> _TASK STATEMENT_
A faithful transcript of all the lines below, with no pictures, is the goal here.

> _DATA EXTRACT_
^^^^^^^^^^^^^^^^
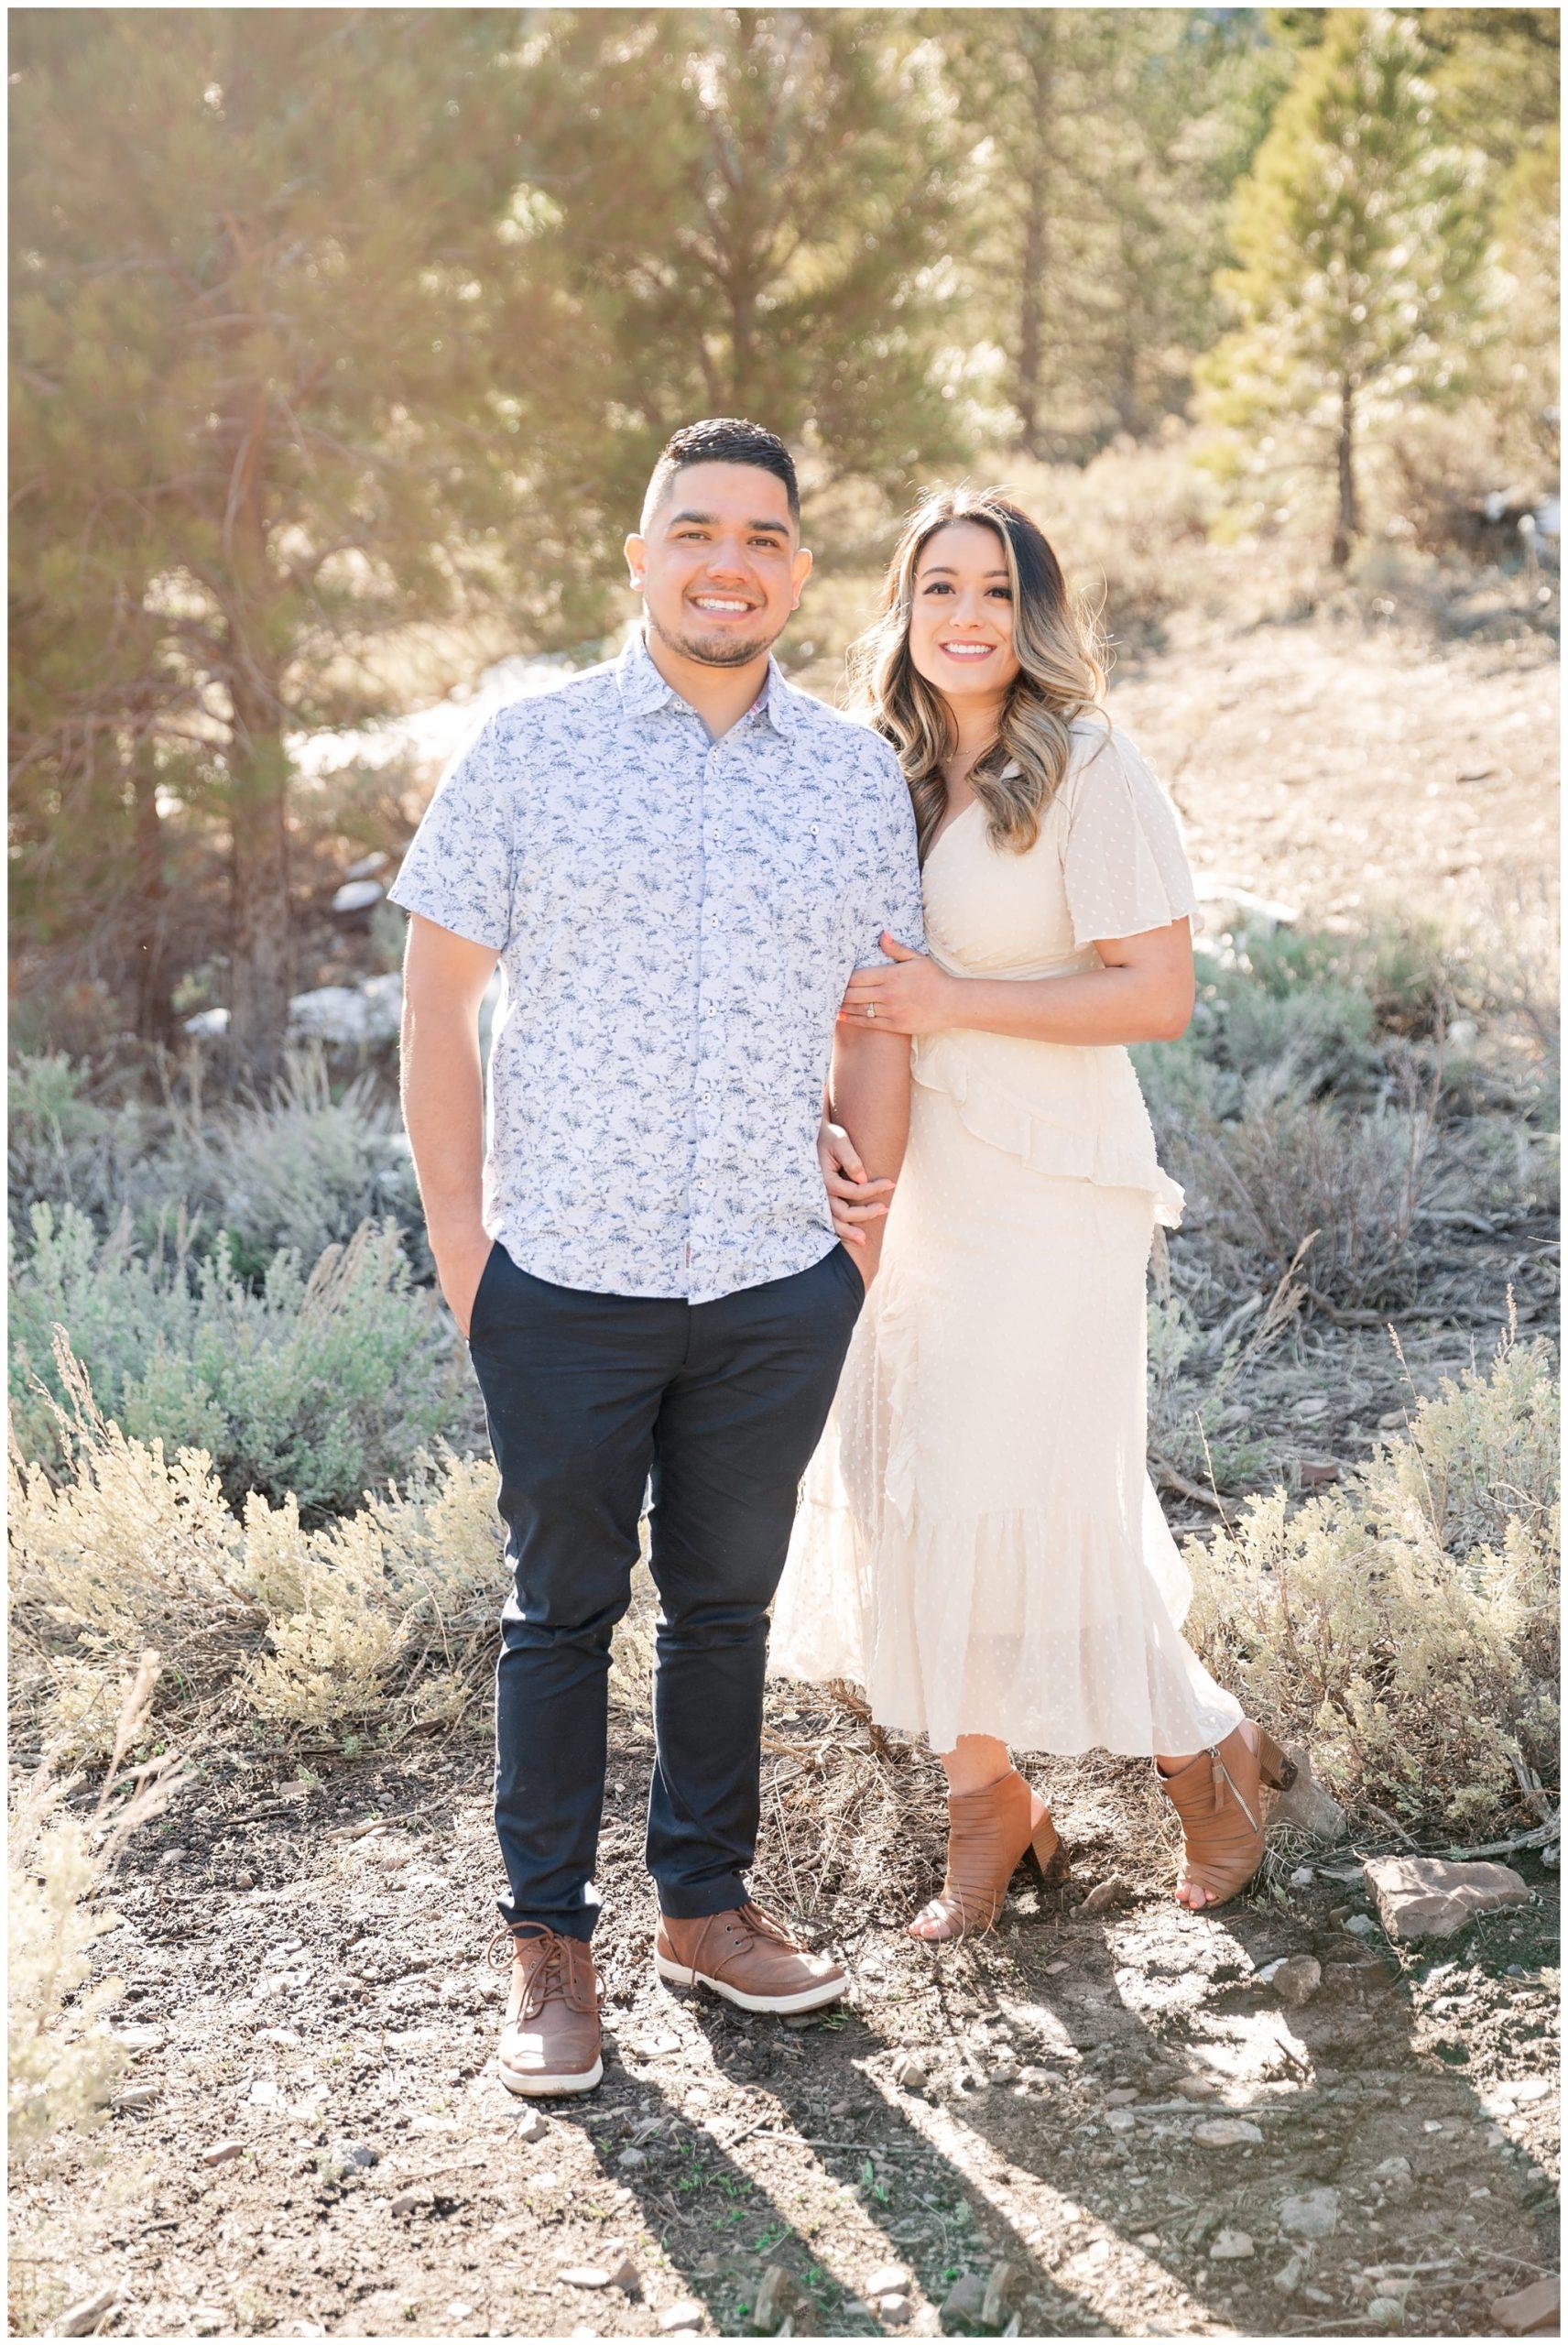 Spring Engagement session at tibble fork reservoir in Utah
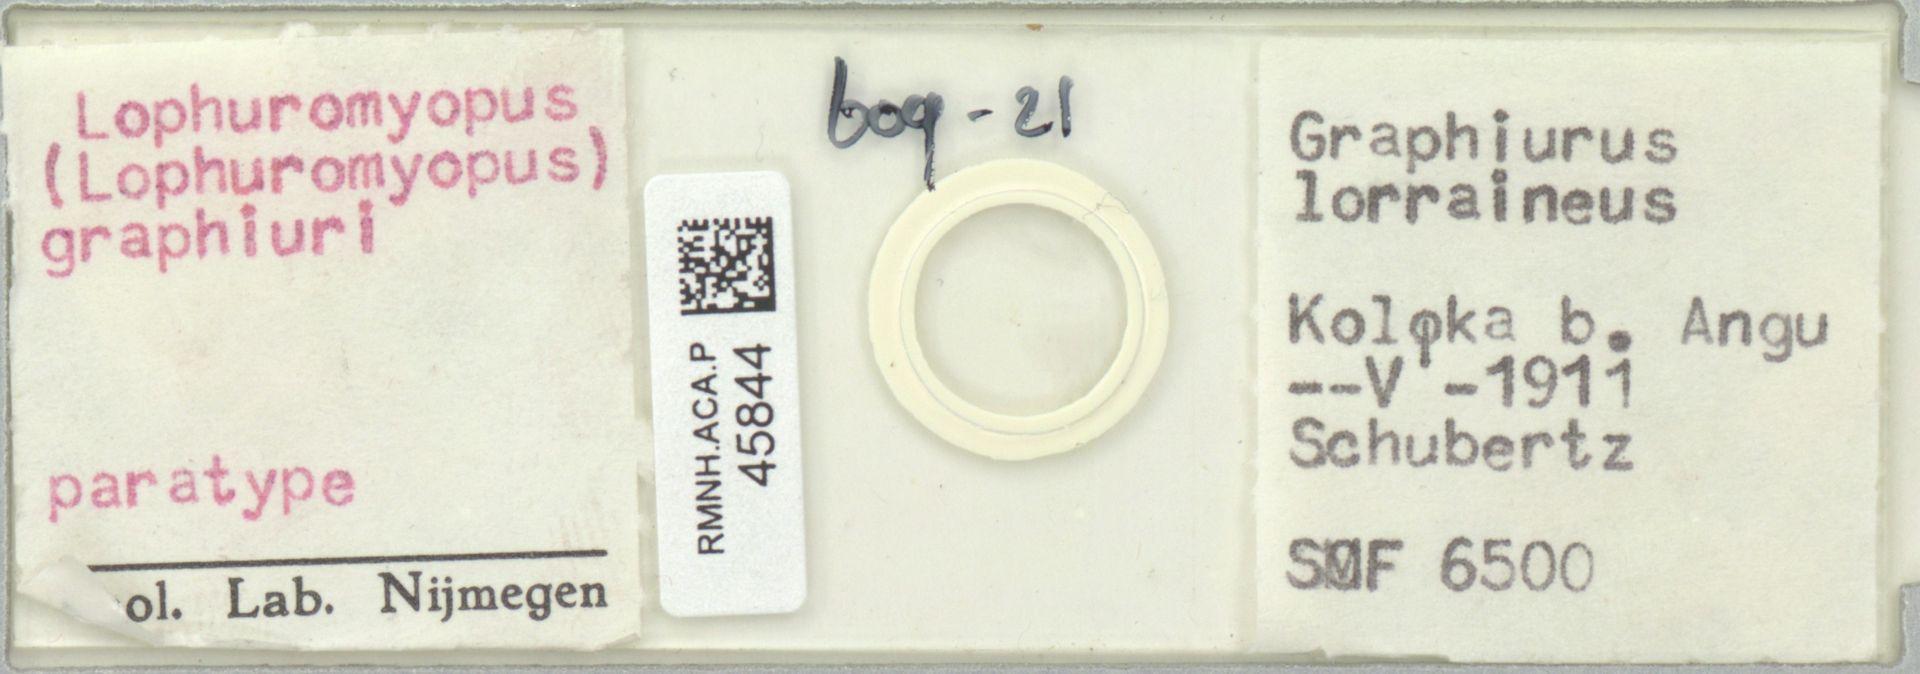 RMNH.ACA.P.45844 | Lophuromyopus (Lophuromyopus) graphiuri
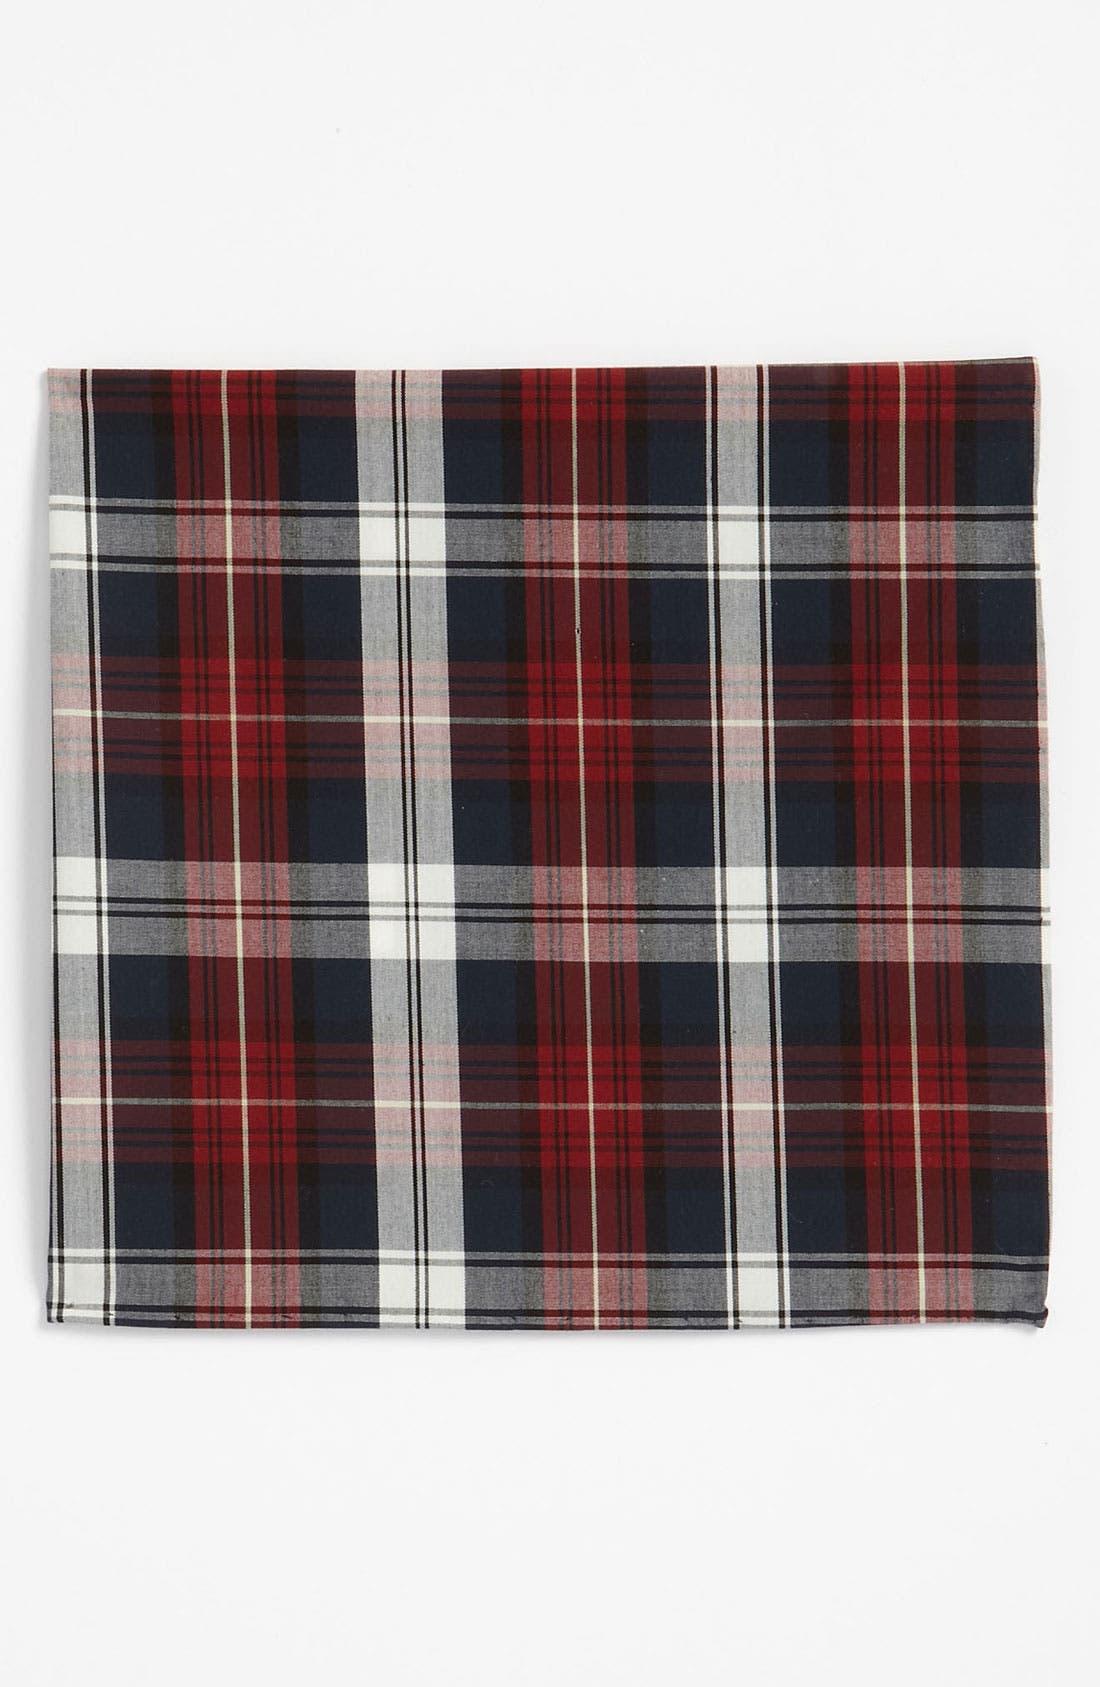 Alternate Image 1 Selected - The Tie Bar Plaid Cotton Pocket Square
^^^^^^^^^^^^^^^^
> _SOLUTION BELOW_
 Spring Engagement session at tibble fork reservoir in Utah
 RMNH.ACA.P.45844 | Lophuromyopus (Lophuromyopus) graphiuri
 Alternate Image 1 Selected - The Tie Bar Plaid Cotton Pocket Square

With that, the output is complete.